START Information

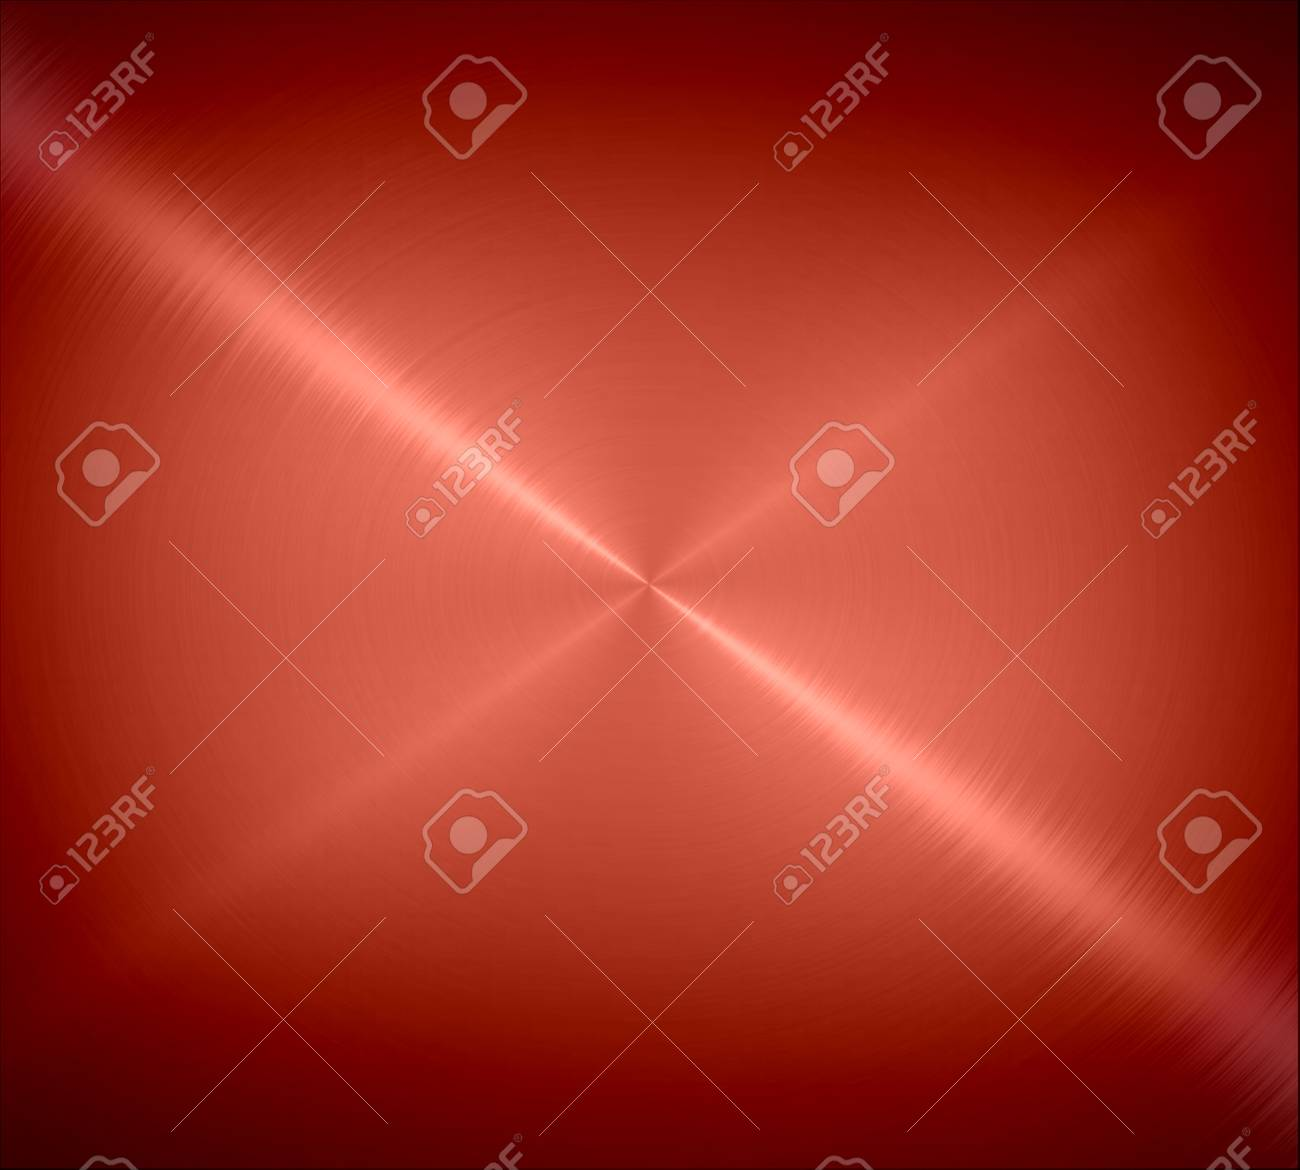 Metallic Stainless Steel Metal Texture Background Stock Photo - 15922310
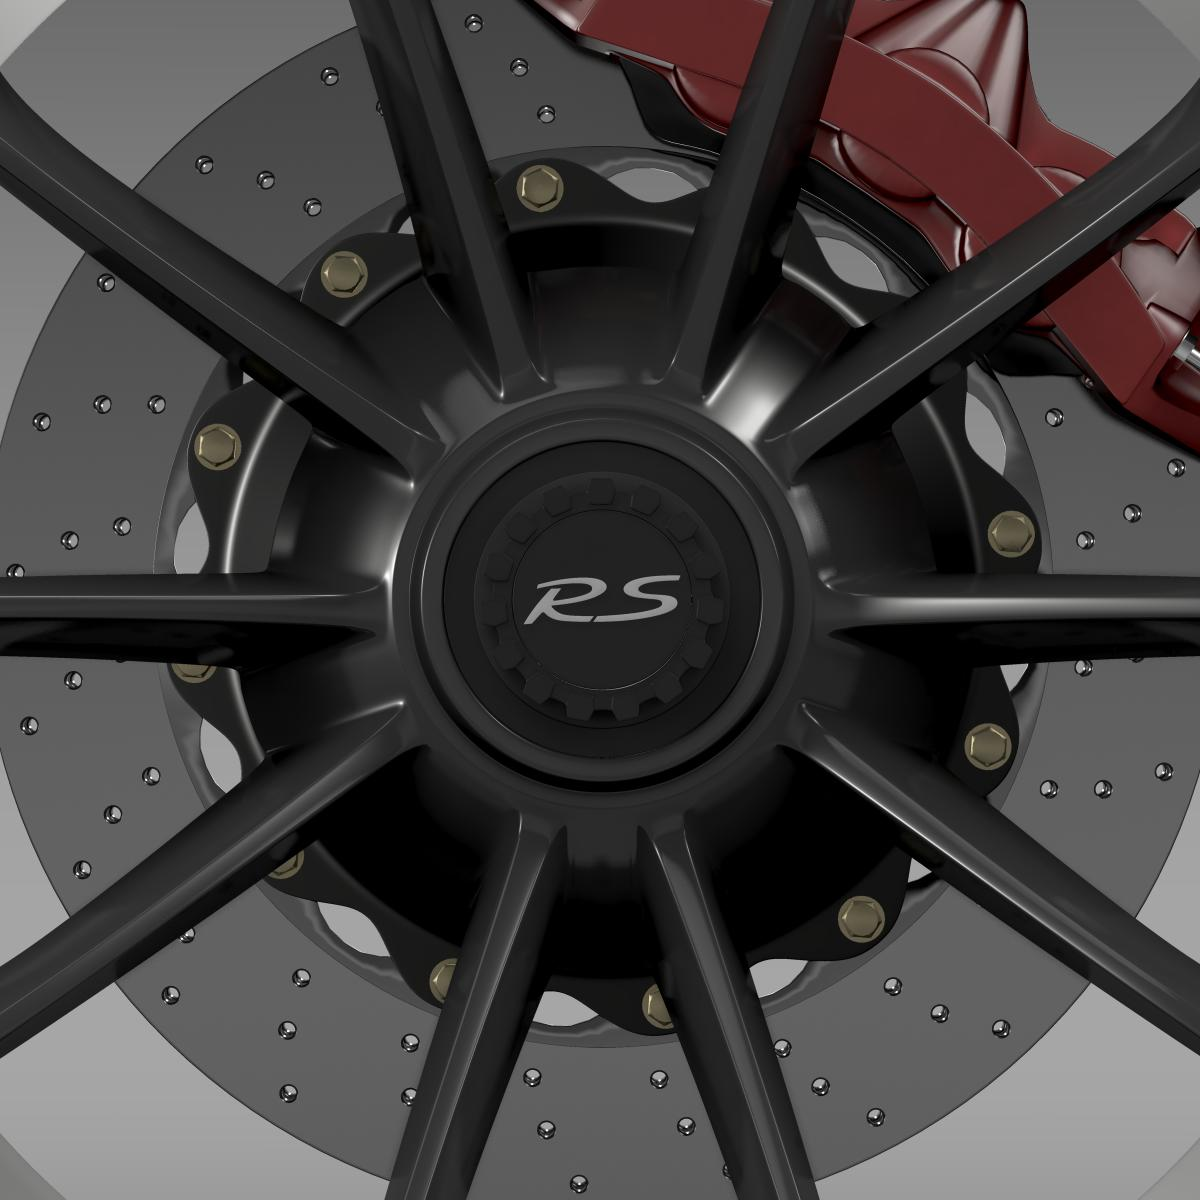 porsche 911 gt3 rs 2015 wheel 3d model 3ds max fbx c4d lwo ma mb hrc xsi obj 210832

END Information
START Information

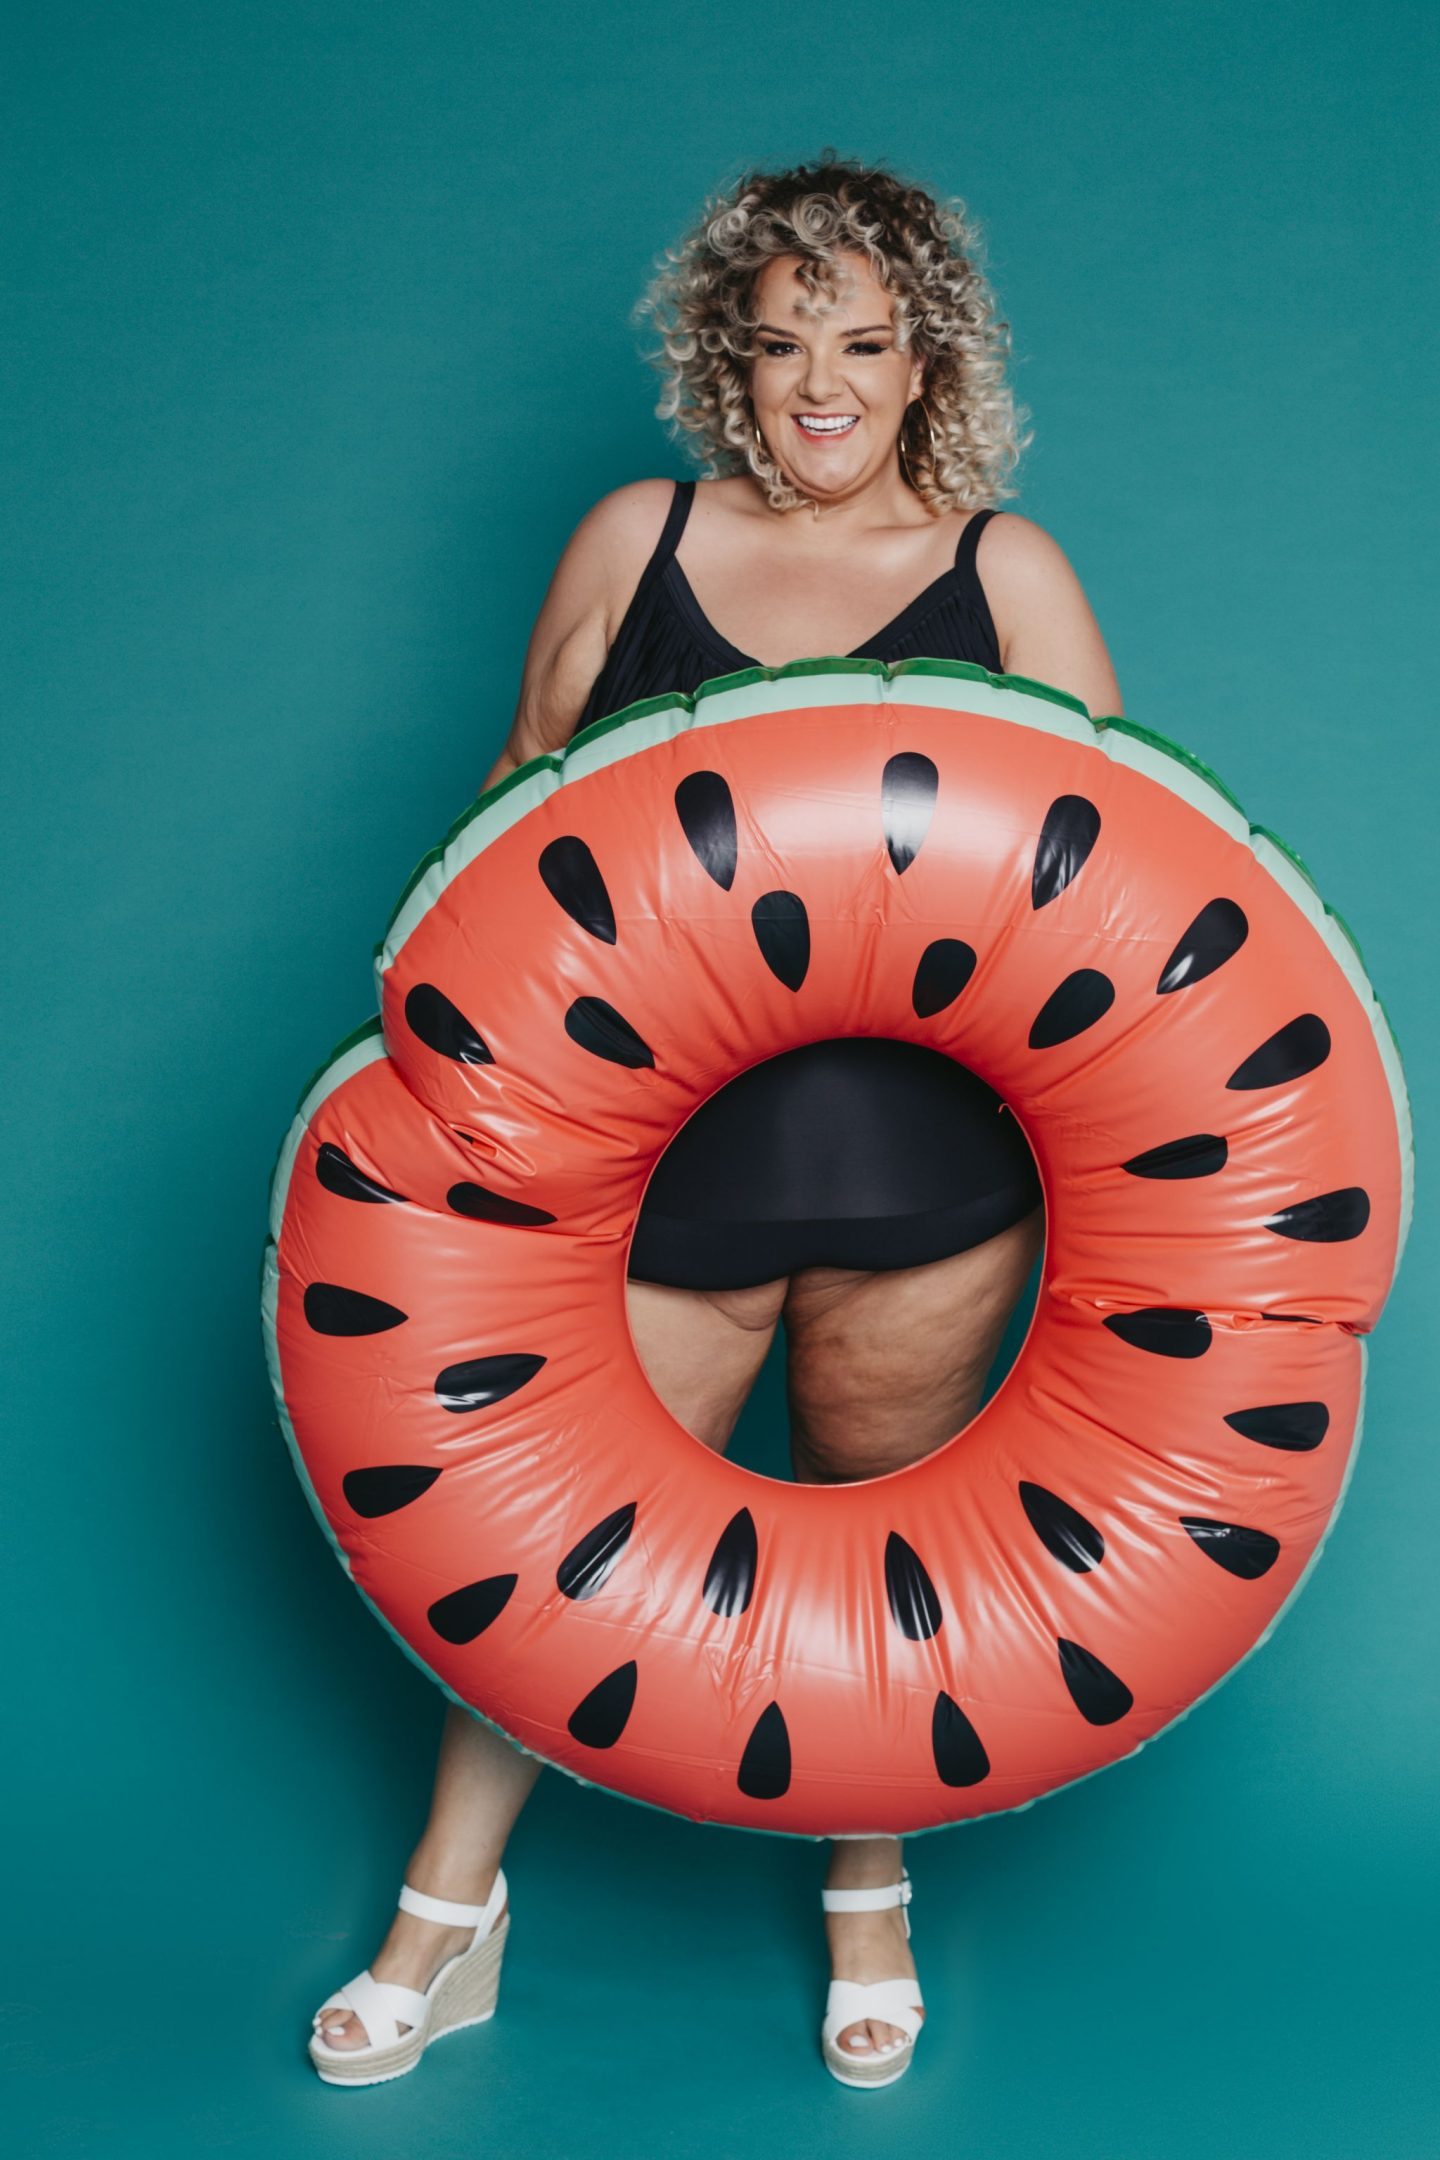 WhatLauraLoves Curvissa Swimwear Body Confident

END Information

**Exercise**
Only one stretch of the material above is wanted: the line containing "Metallic Stainless Steel" through the line containing "porsche 911 gt3". Restate it word for word, minus the pictures.

**Answer section**
 Metallic Stainless Steel Metal Texture Background Stock Photo - 15922310
 porsche 911 gt3 rs 2015 wheel 3d model 3ds max fbx c4d lwo ma mb hrc xsi obj 210832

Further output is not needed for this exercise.